Oggigiorno purtroppo i media sono un continuo annunciare casi di cronaca nera: è giusta l‘informazione, ma è sbagliato raccontare minuziosi dettagli dei delitti efferati. Onnipresente e sacrosanta è la condanna verso chi ha ucciso e lo sdegno della soppressione di una vita: sempre presente ma scarsamente obiettiva è la “santificazione” della vittima.
L’atto dell’omicidio è orribile, inumano ma parlando d’umanità, bisogna anche capire quanto l’errare sia umano: solitamente le povere vittime, secondo la stampa, non sbagliano mai.
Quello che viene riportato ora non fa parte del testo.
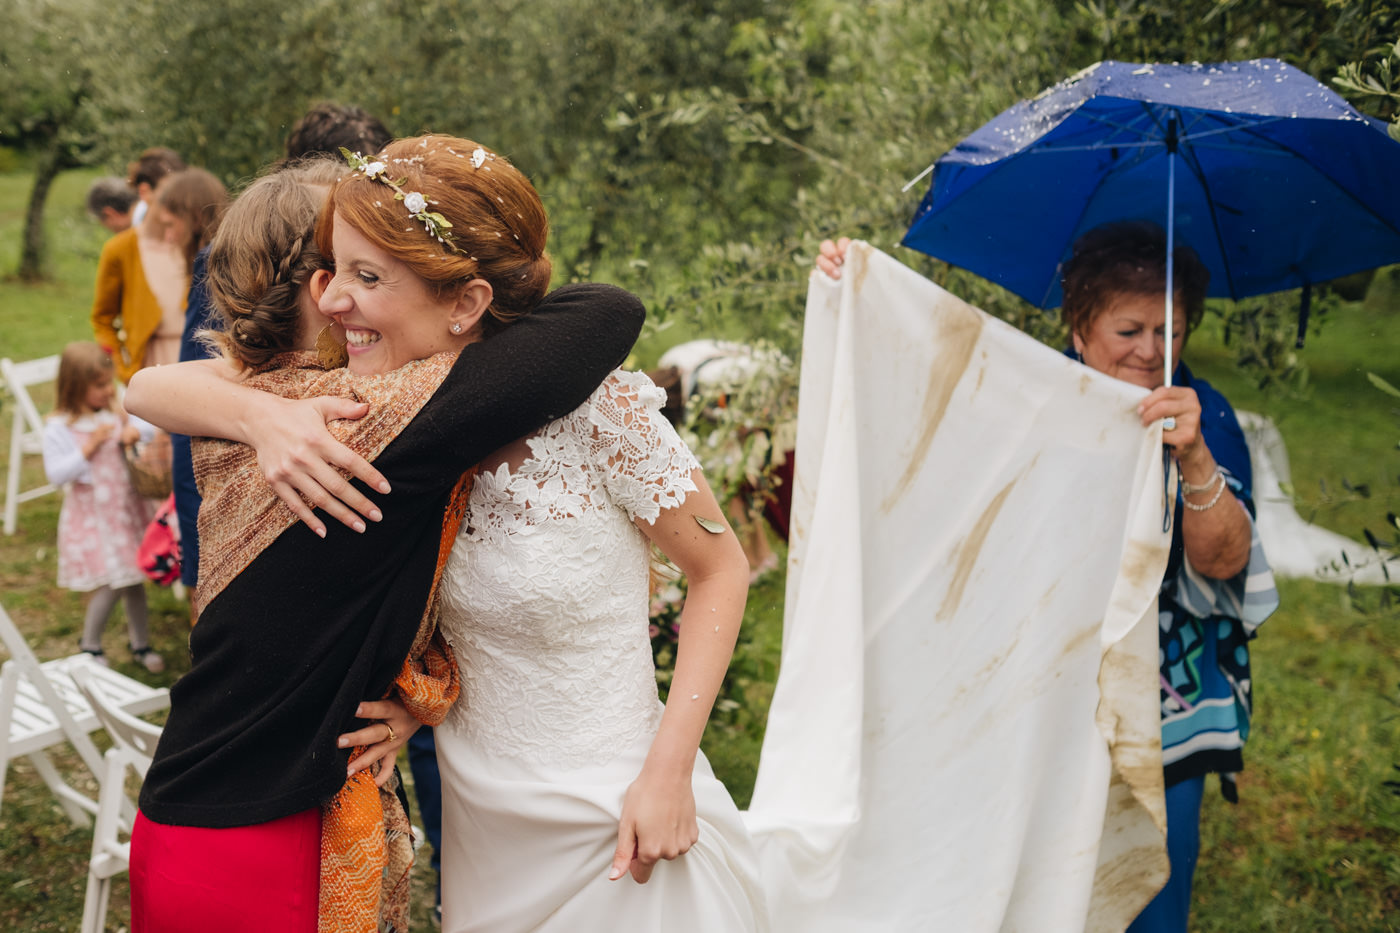 matrimoni_all_italiana_fotografo_matrimonio_toscana-47.jpg

E’ vero che tante volte i giornalisti stravolgono la realtà, raccontando antefatti inesistenti, ma è altrettanto vero che alcuni atteggiamenti sono inconfutabili: talvolta la colpa non è per forza delle vittime, ma almeno dei loro genitori e di una certa educazione.
In tantissimi casi di femminicidio, la donna è realmente incolpevole, un povero agnello sacrificale: altre volte magari scherza troppo pesante , sul filo del rischio; non si vuole colpevolizzare la vittima della propria morte, anzi, ma semplicemente denotare la consapevolezza di giocare col fuoco, magari aizzando persone malate o violente.
Talvolta la vittima è tossicodipendente, frequenta gente chiaramente poco raccomandabile o semplicemente non gira alla larga da ambienti potenzialmente pericolosi.
I casi clamorosi poi riguardano le morti nelle galere.
Sempre ammettendo che i decessi siano realmente provocati, l’immaginario collettivo attacca le forze dell’ordine (che indubbiamente soffrono di un certo “rigidismo”), ma nessuno si domanda il perché un ragazzo si trovi in galera (talvolta sommessamente si accenna alla tossicodipendenza).
Spesso in questi casi parlano i famigliari, che ovviamente sono i primi ad esaltare il figlio come il più santo ed onesto al mondo.
Ovviamente in questo frangente non è assolutamente giustificata la violenza fisica o psicologica, ma talvolta può essere l’atteggiamento aggressivo di un individuo (magari sotto effetto di stupefacenti) a provocare una reazione più severa o fin troppo severa.
I casi più eclatanti sono le morti durante le risse allo stadio (o legate alla tifoseria) o durante le manifestazioni.
Qualsiasi persona sensata si allontana appena c’è una rissa pericolosa, anche per evitare manganellate ingiustificate da parte delle forze della polizia: talvolta sono le forze dell’ordine che nella confusione, seguono il motto romanesco “ ‘ndo cojo cojo” e si lasciano andare alla violenza verso la gente innocente.
In questi casi emerge anche l’antica diatriba tra l’uomo e il poliziotto, in cui il poliziotto è visto come “ lo Stato severo”: quindi non solo l’imputato diventa automaticamente l’uomo d’ordine ma la vittima muore in odore di santità, attraverso mitizzazioni nel futuro.
In questi casi i necrologi diventano “coccodrilli”, ossia la lacrima lasciata sulla pagina è tendenzialmente ipocrita.
Il giornalismo crescerebbe in serietà se maturasse un pizzico d’obiettività.